Ideally I would like to have records with named bitfields that are portable to be serialised in a consistent manner.
(I know that there's a strong point in doing it in a language I already master, although it isn't optimal, but I think this could be a good opportunity to learn something new).
Thanks.
Upvotes: 4
Views: 317
Reputation: 1423
Ada has a great support for this sort of low-level data representation things like you described, in the form of representation clauses for data types. See for example
http://www.adaic.org/standards/05rm/html/RM-13-5-1.html
With the representation clauses it is possible to define the exact layout and alignment (if needed) for all your data, in a portable fashion.

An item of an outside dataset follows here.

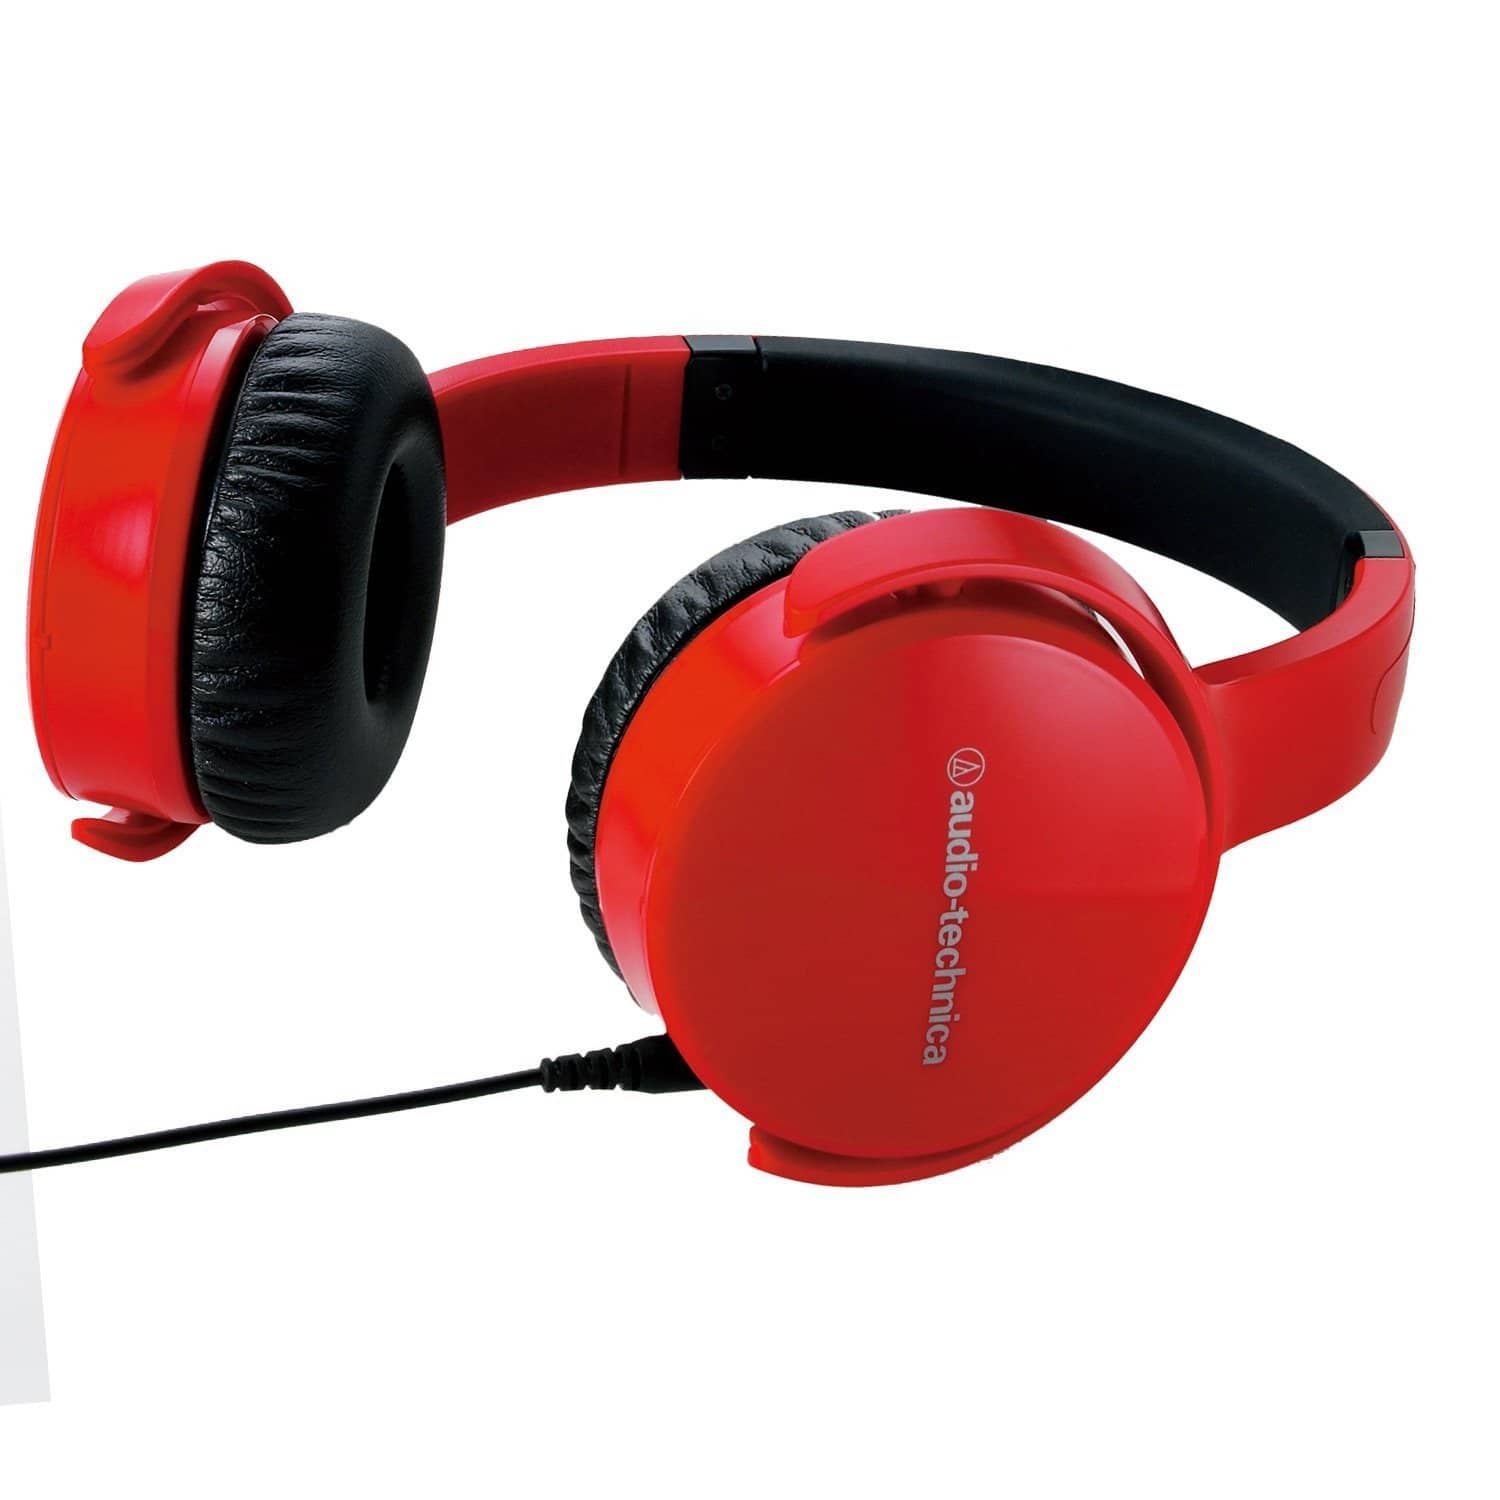 Audio Technica Sonic Fuel ATHOX5BK On-Ear Headphones - Red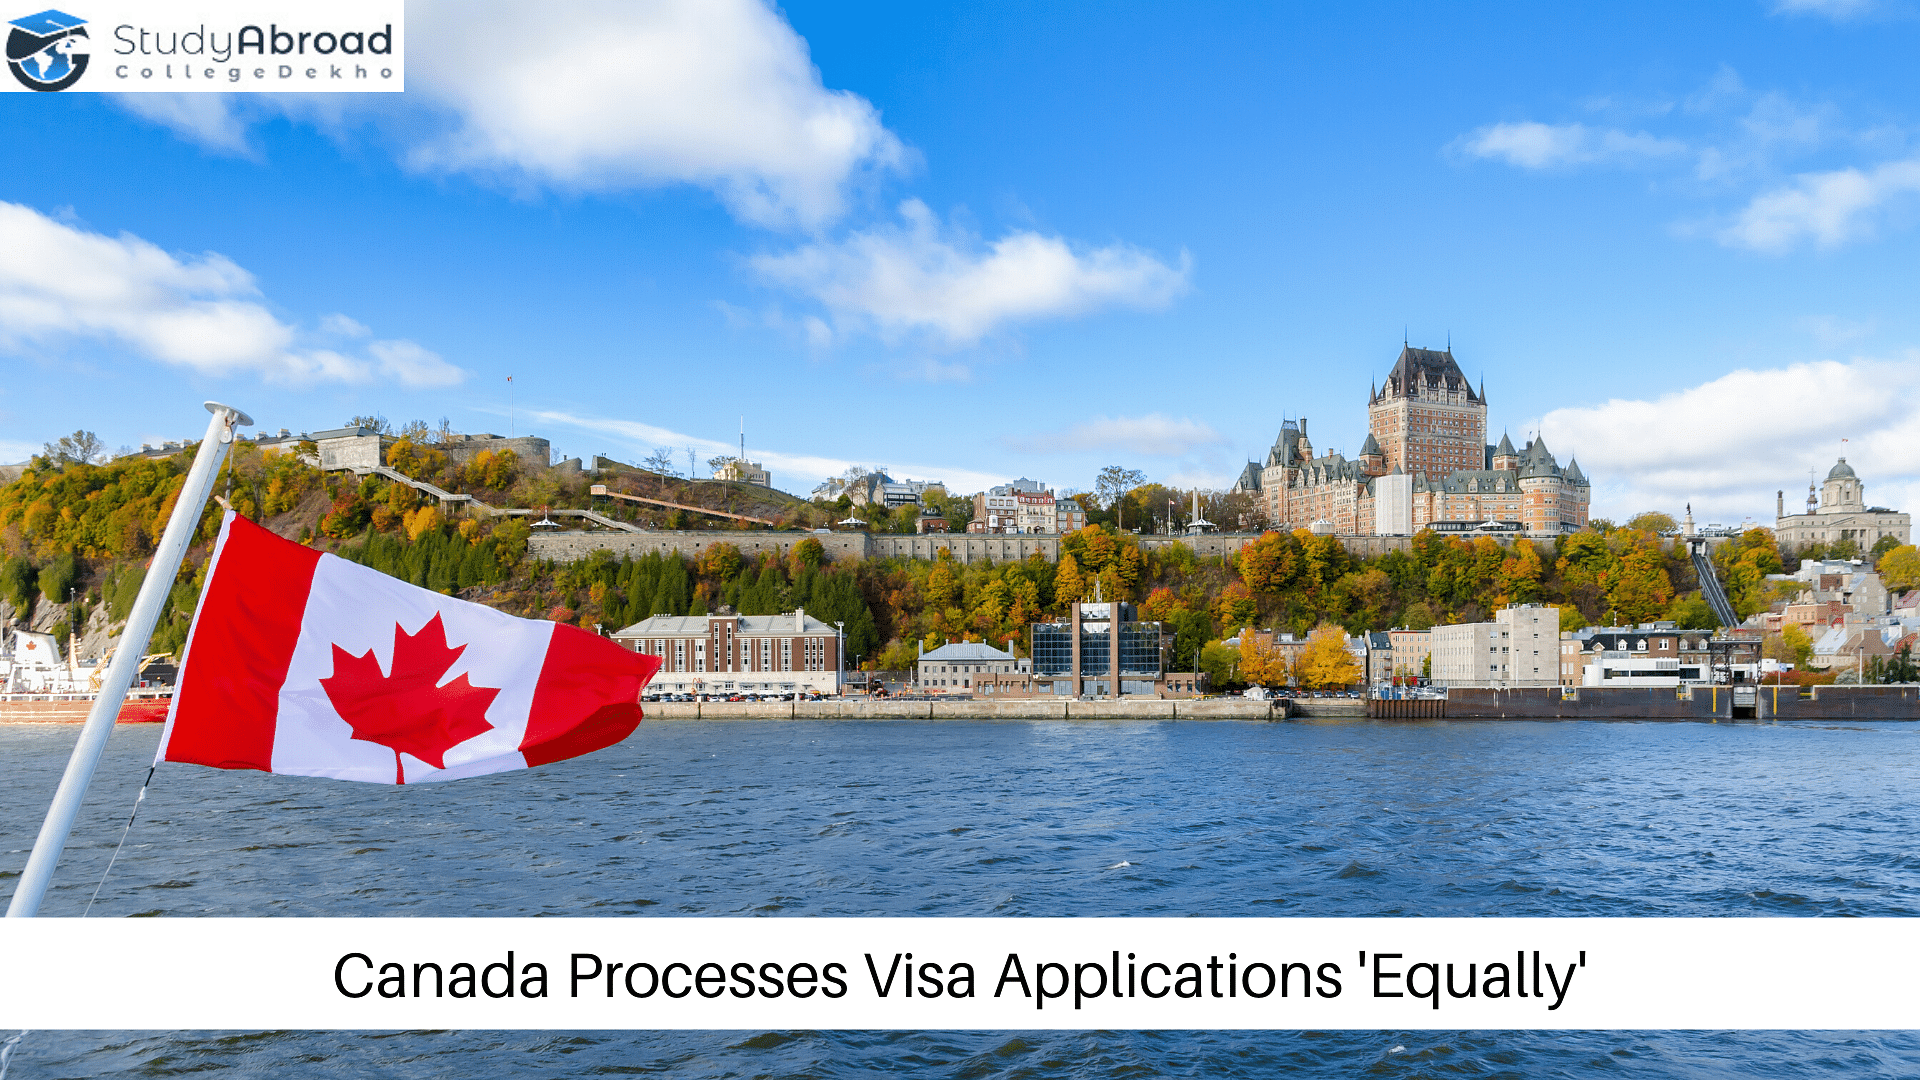 Canada Processes Visa Applications 'Equally'

Similarly it is very easy to change the representation for example for performance purposes, e.g. using booleans stored as bits vs. machine-addressable words.
Upvotes: 2
Reputation: 78575
C structs are one of the mainstays for this sort of thing. If you don't like the rest of the language, you might be able to define your data formats in C and all your access code in Python and bridge the gap with SWIG. I haven't used SWIG much so I don't know how far you will be able to make it work. If you can't do all the code in Python, you could put little bits (WriteStructToFile, etc.) in C as they can be very very small and well defined.
Upvotes: 0
Reputation: 3977
IMP, it is faster to just use the language that you already know. Unless you want to learn some new language for the sake of fun.
Upvotes: 0
Reputation: 21925
If you wanted to stay in Python an option is the bitstring module, which takes away most of the pain of dealing with binary data.
It's pretty straightforward to construct and parse arbitrary binary structures, so might be worth a look if Erlang doesn't work out for you!
Upvotes: 2
Reputation: 202505
I second the vote for Erlang; despite its oddities, it has excellent support for bit-level control of binary data. (As it must; it's a telecoms language.) Another language worth looking into is PADS, which is a more special-purpose language (also from the telecoms industry) designed for high-speed processing of ad hoc data. I believe PADS supports binary data, but I can't swear to it.
Upvotes: 3
Reputation: 78316
Strangely enough, I think Erlang might fit the bill. Ignoring, unless you want to use them, the parallel facilities, it has native facilities for treating strings of bits very easily. Examine the documentation under the term bit syntax.
Upvotes: 4